■ WORK REQUIRED ■
As the answer, return precisely the lines from the one containing "Print designed by" to the final line of the material below, inclusive, and omit every picture.

■ RECORDED DATA ■
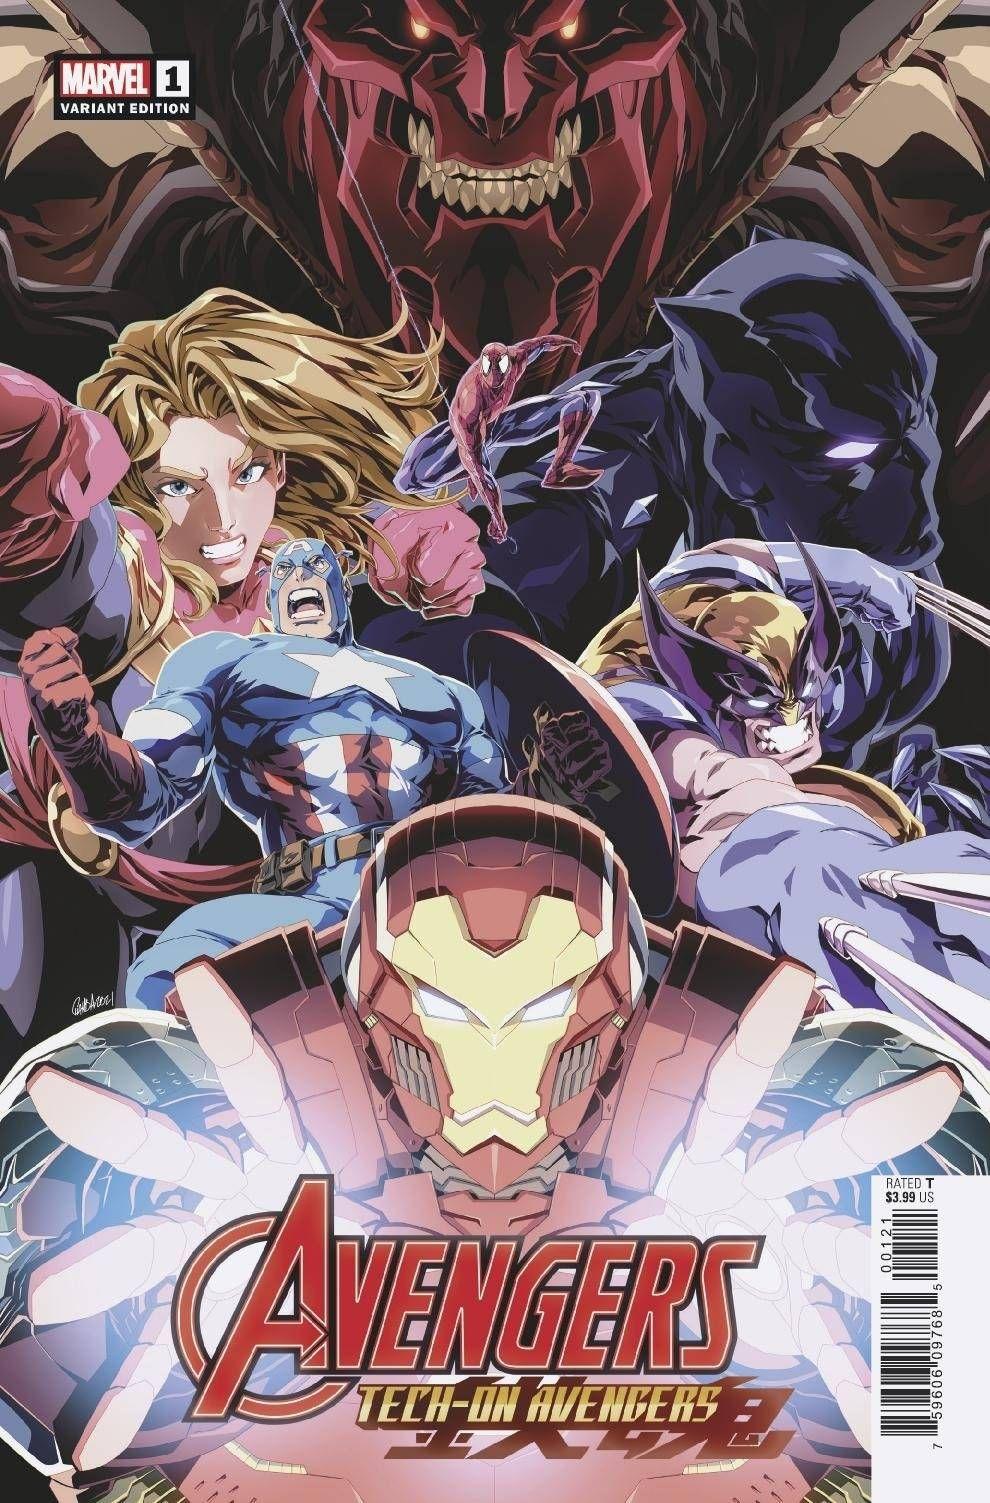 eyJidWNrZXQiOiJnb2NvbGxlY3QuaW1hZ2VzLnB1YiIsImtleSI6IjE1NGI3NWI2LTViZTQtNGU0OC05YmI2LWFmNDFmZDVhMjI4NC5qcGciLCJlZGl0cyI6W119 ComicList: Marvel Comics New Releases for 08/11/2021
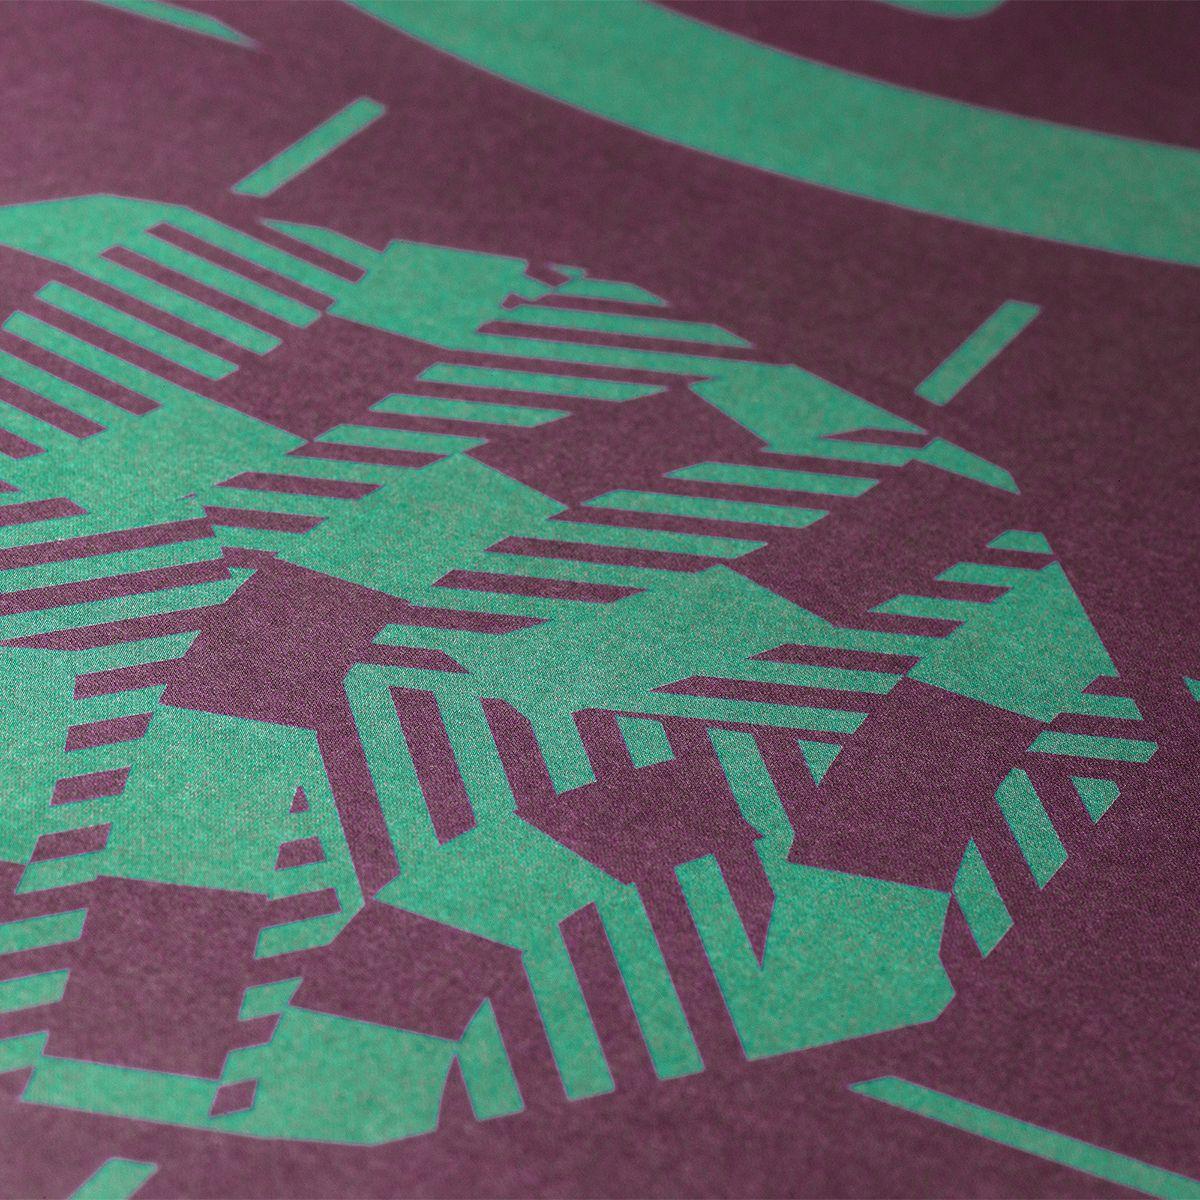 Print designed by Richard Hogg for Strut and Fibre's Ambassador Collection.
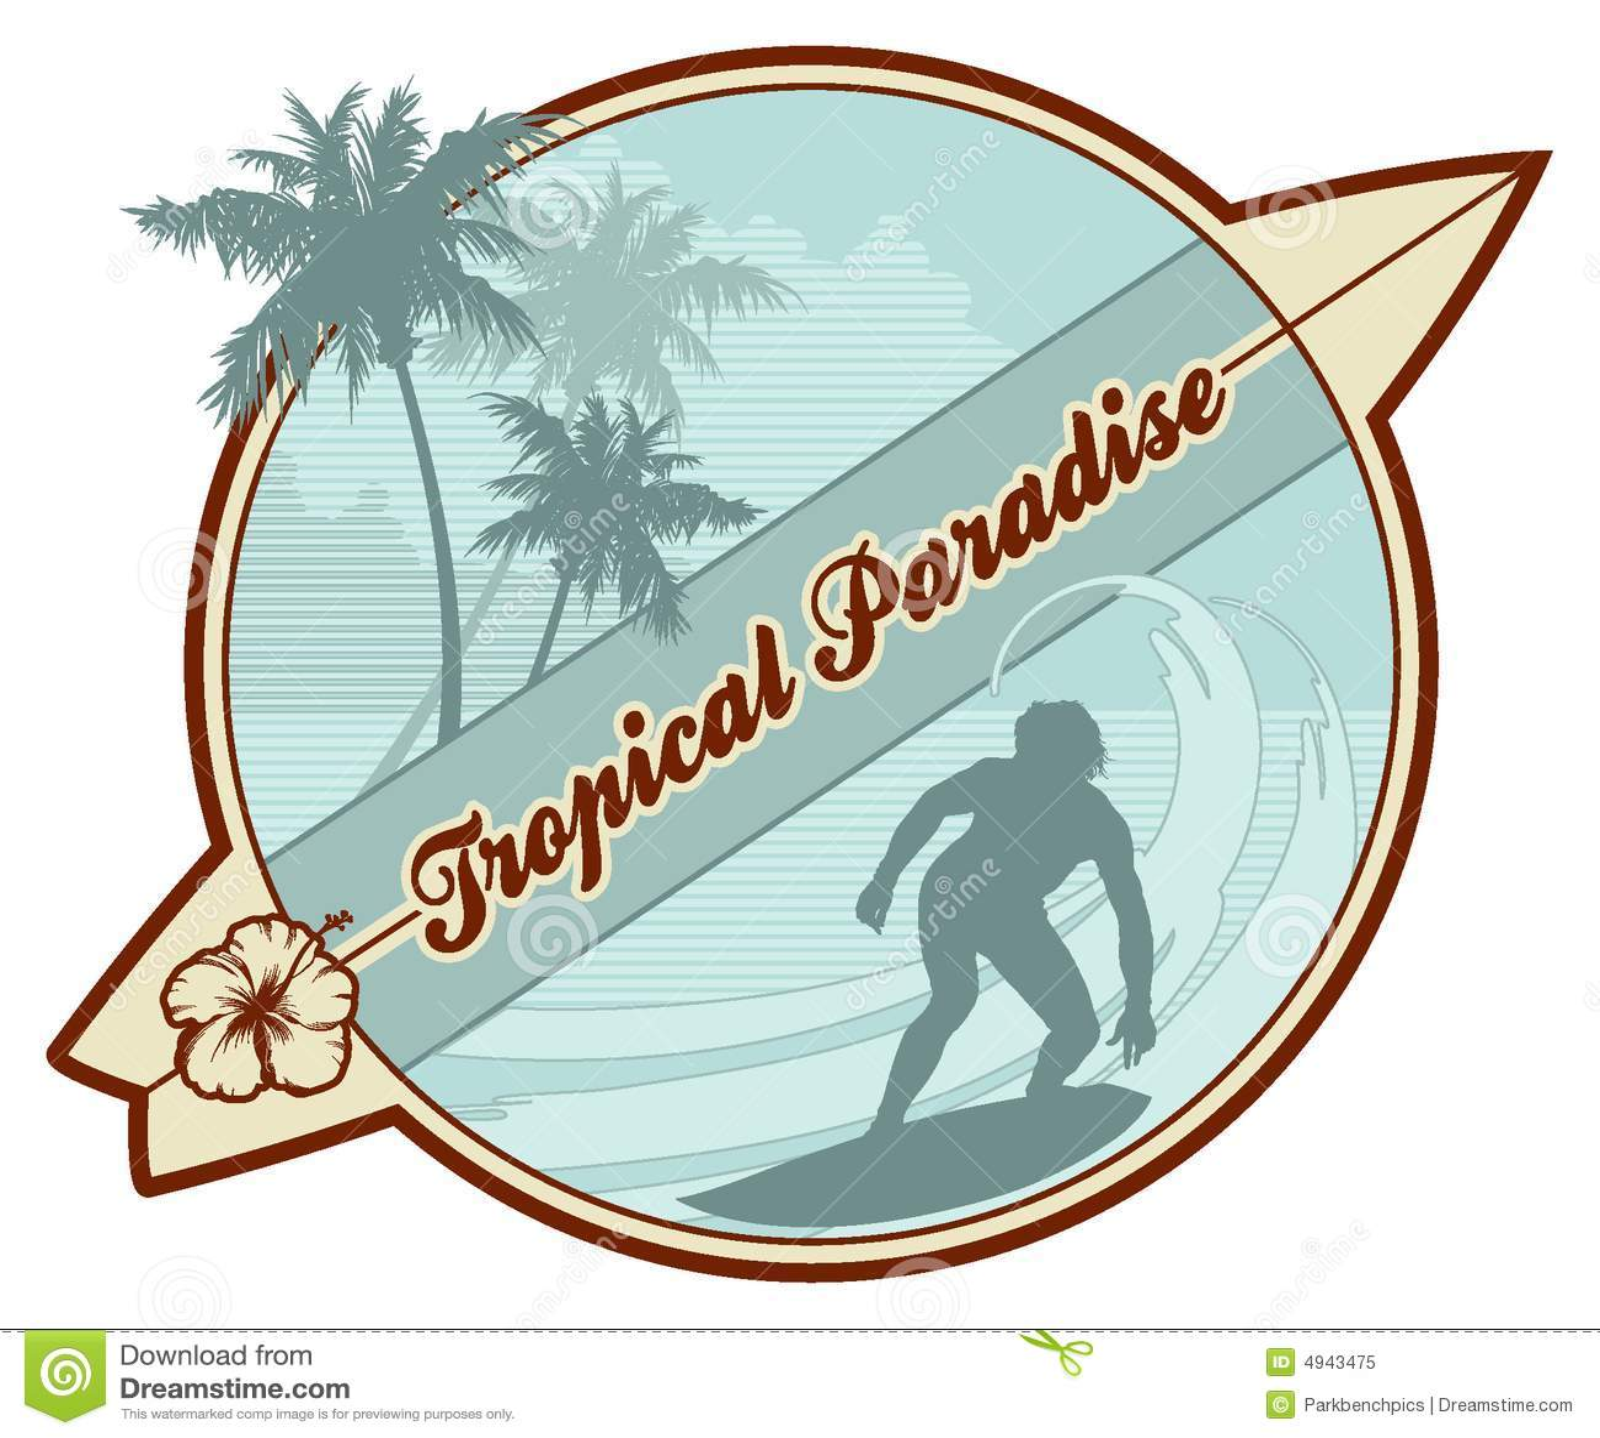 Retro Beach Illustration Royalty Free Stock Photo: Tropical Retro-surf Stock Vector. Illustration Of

■ WRITTEN RESPONSE ■
 Print designed by Richard Hogg for Strut and Fibre's Ambassador Collection.
 Retro Beach Illustration Royalty Free Stock Photo: Tropical Retro-surf Stock Vector. Illustration Of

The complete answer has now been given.